No need to look for alternative universes in a distant galaxy, for one exists across the Pacific in that weird and paranoid place between Canada and Mexico known as the USA. Apart from seeing the rest of the word as full of baby-killers and communists and Islam, it appears that communism has infiltrated the USA as well.

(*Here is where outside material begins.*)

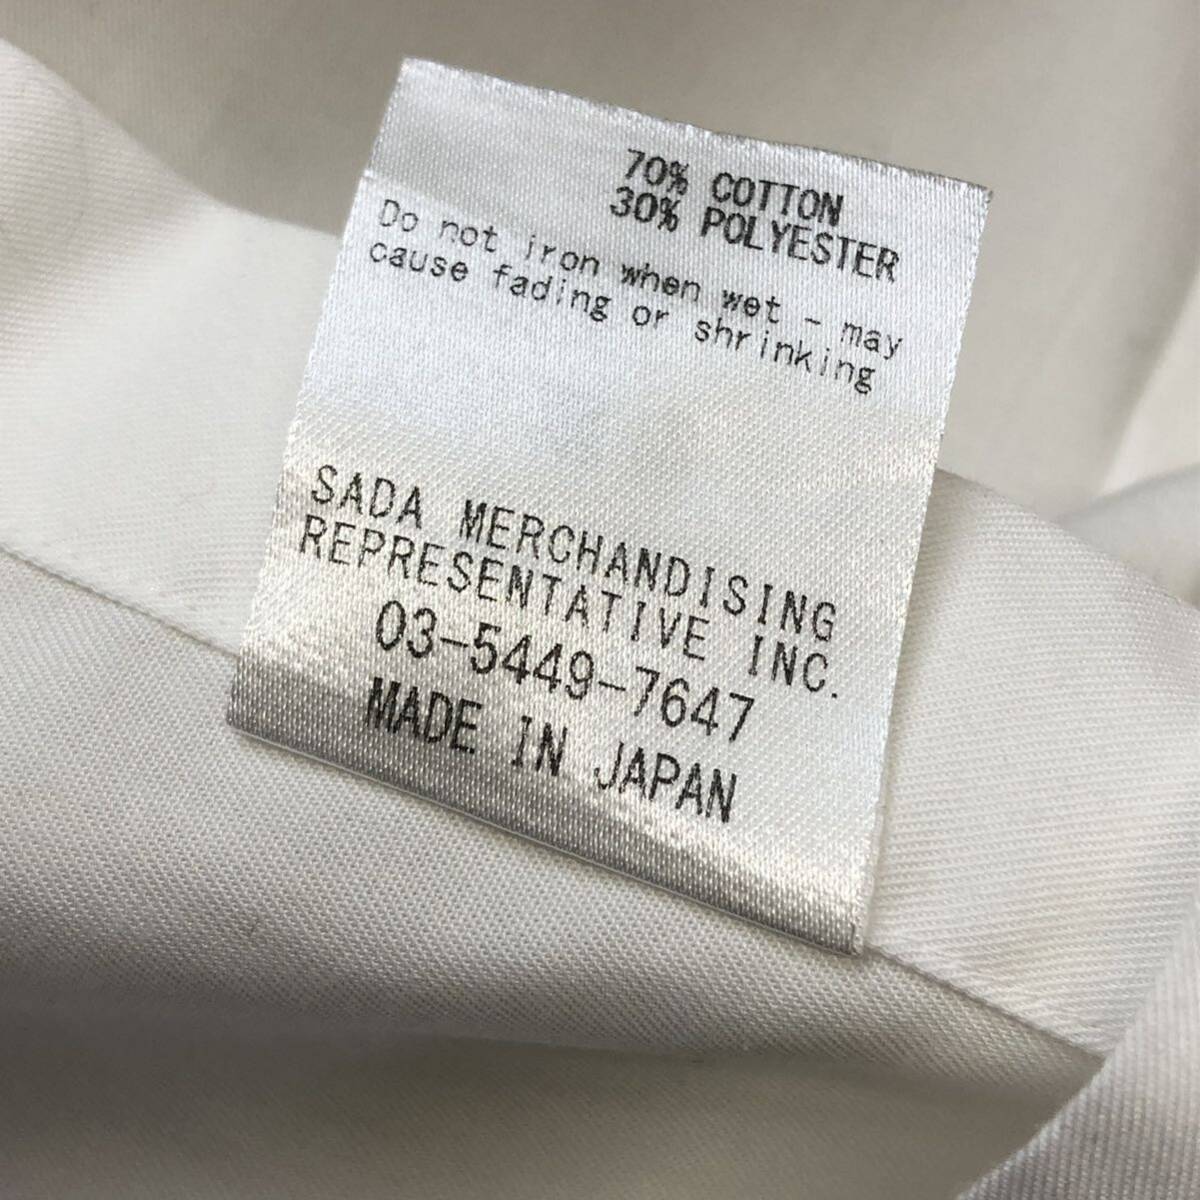 Maker's shirt鎌倉シャツ 長袖シャツ ドレスシャツ SLIM FIT TRAVELER 無地シャツ ホワイト 39-83 15 1/2-32 1/2 古着の画像6

How? Through Sesame Street.
Yes, that blandly liberal show for kiddies is really a ‘vehicle for spreading the radical agenda of the left side of the political spectrum’. So says the fair and balanced Ben Shapiro in his new book, Primetime Propaganda, tellingly subtitled, The True Hollywood Story of How the Left Took Over Your TV. Apparently, Sesame Street and shows like it have ‘secret, political messages’ that have shaped the social, economic and foreign policy of the United States. News to me, since every time I hear about US foreign policy or watch TV, I come across ever more right-wing crap. Alternative universe is the only viable explanation for such an idiotic argument.

31 May, 2011 at 3:09 am
The idea that children’s entertainment could have a subversive content might be idiotic but not so idiotic as to prevent academics writing about it.
For example
See also http://www.enotes.com/secret-gardens-salem/secret-gardens
Humphrey Carpenter distinguished between two groups of writers of classic children’s literature:
“the destroyers (Carroll, George MacDonald, Louisa May Alcott, and Charles Kingsley), who ridicule adult values, especially faith in institutional religion; and the Arcadians (Potter, Grahame, A. A. Milne, and James M. Barrie), who invent coherent, attractive alternate worlds.”

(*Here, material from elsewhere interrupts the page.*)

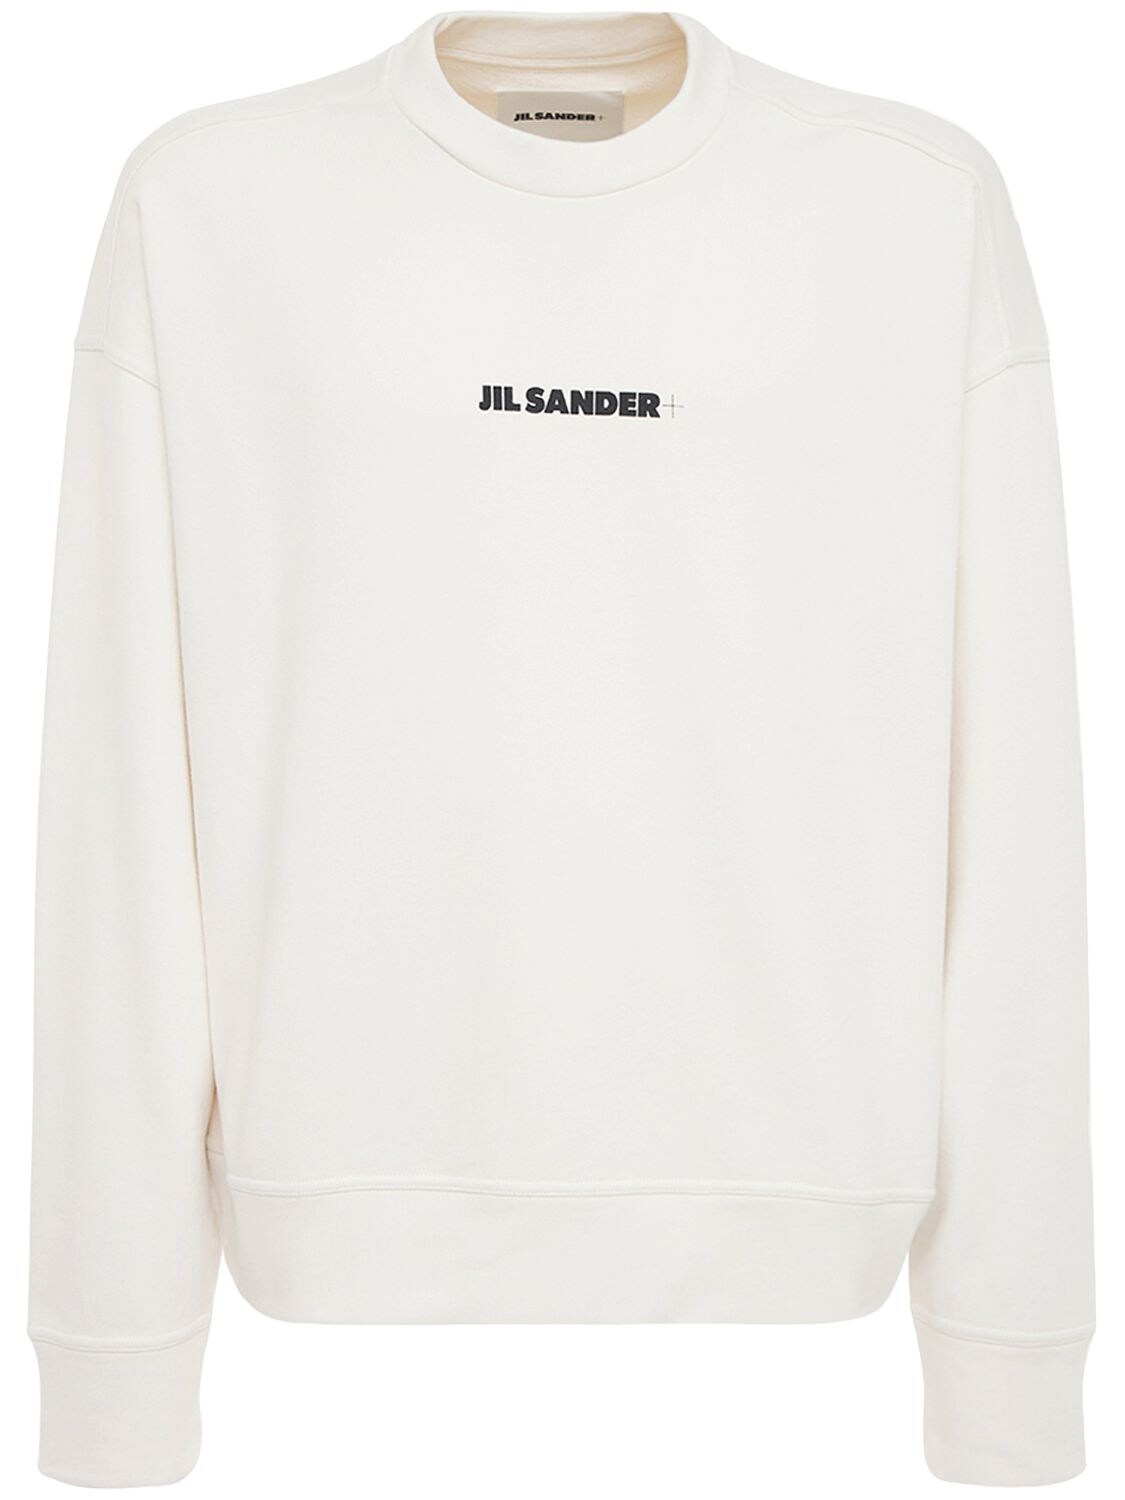 JIL SANDER Plus Printed Cotton Sweatshirt

In the preface to Victorian fairy tales: the revolt of the fairies and elves by Jack David Zipes linked the development of children’s literature with political movements (see page xxv)
“In a period when first Christian socialism and later the Fabian movement had a widespread effect, these writers [Carroll, MacDonald, Wilde, Grahame, Houseman, Nesbit] instilled a utopian spirit into the fairy-tale discourse that endowed the genre with a vigorous and unique quality of social criticism which was developed even further by later writers of faerie works such as AA Milne, JRR Tolkien, CS Lewis, and TH White.”
While there is nothing particularly Marxist about Tolkien and CS Lewis, there is a case to made that AA Milne was consciously subversive.
See “Is the rural utopia in A.A.Milne’s Winnie the Pooh stories an escapist apologia or subversive satire of the ideology of post-Victorian England and the British Empire?”
http://www.bbk.ac.uk/english/our-research/research-specialisms/JeremyLatham.pdf (note the reference to your friend Eagleton)
If you wish to explain the concept of the democratic dictatorship of the proletariat and the peasantry to young people then I can’t think of a better place to start than A, A. Milne’s ‘Bad Sir Brian Botany’ (Now we are six 1927).